Western scholars and students with an interest in the history of Ibadi Islam and Oman are no doubt familiar with the name and some of the extensive works of the author of the book under review, in which she resumes her previous research devoted to Ibadism in Oman and Zanzibar in the nineteenth and twentieth centuries. During repeated research stays in Oman over a decade Hoffman collected the material for the present volume, which, as she phrases it in the introduction, "is an attempt to introduce Ibadi Islamic theology to students and scholars of Islam, mainly through annotated translations of two basic Ibadi theological texts, in order to address the general unavailability of Ibadi texts to all but the most specialized scholars of Islam" (p. 4). The relative lack of interest in Ibadi theology may be partly because Ibadi religious literature is often obscure and difficult to understand. In fact, the oldest Ibadi theological literature is mainly fragmentary intra-community correspondence: letters (generally termed sira, pi. siyar) from imams and ulema with advice and/or explanations to the members about controversial religious and political issues. Moreover, according to European works from the last century, of which the older ones rely on only a few Ibadi sources, the distinctive nature of Ibadism seems to consist chiefly of a quietist political doctrine and of a religious puritanism.

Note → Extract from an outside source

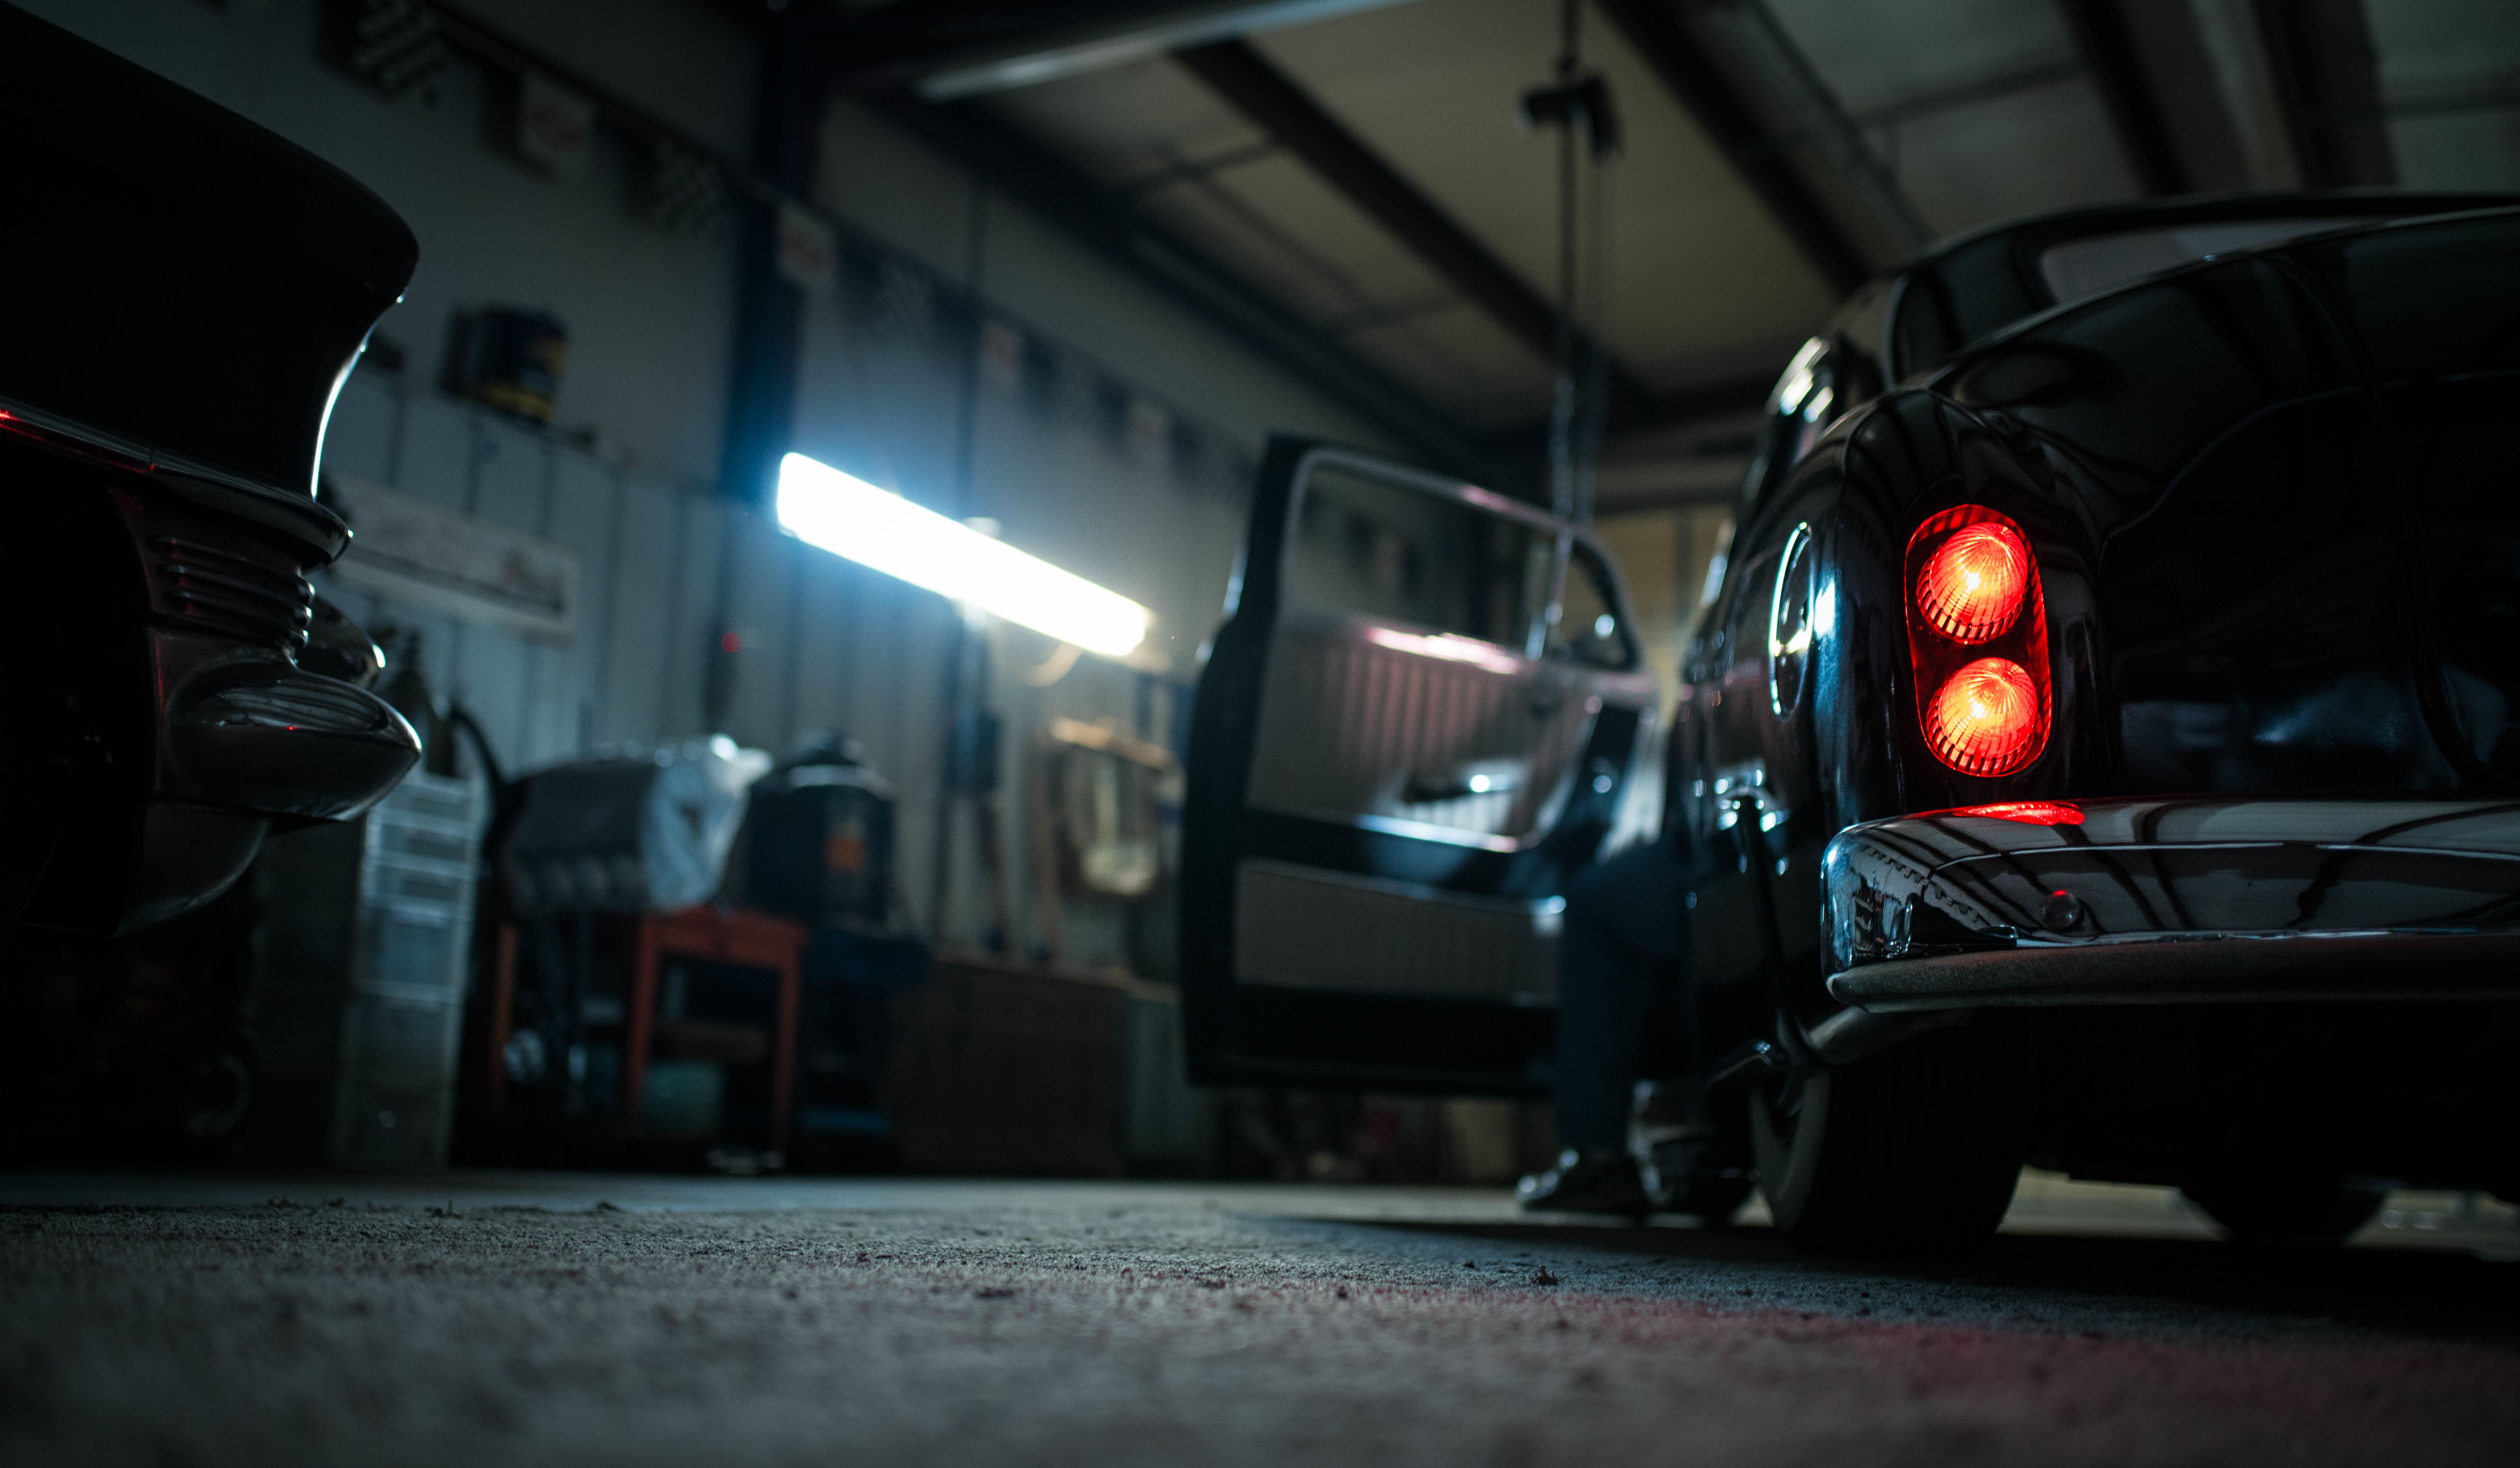 Free Images Light Night Transport Garage Darkness

However, Ibadism presents a more complex reality. First of all, its sectarian nature is not so obvious. According to tradition, the Ibadi movement derives its name from 'Abd Allah Ibn Ibad, who broke from Khariji extremists in circa 65 A.H. (684/5) over the attitude to be adopted toward other Muslims. The Ibadis have been wrongly identified with the Kharijis by both Western scholars and non-Ibadi Muslim authors--Ibadis are instead very distant from them in political as well as religious matters. The connection between the two stems from the fact that most of the dissident Kharijis were from the Tamim tribe to which Ibn Ibad also belonged. Moreover, proto-Ibadis were part of the Muhakkima movement of the early Kharijls, sharing with them the principle that the rule on earth belongs to God alone (la hukma ilia li-llah). The Ibadi distinction from orthodox or Sunni Islam should be...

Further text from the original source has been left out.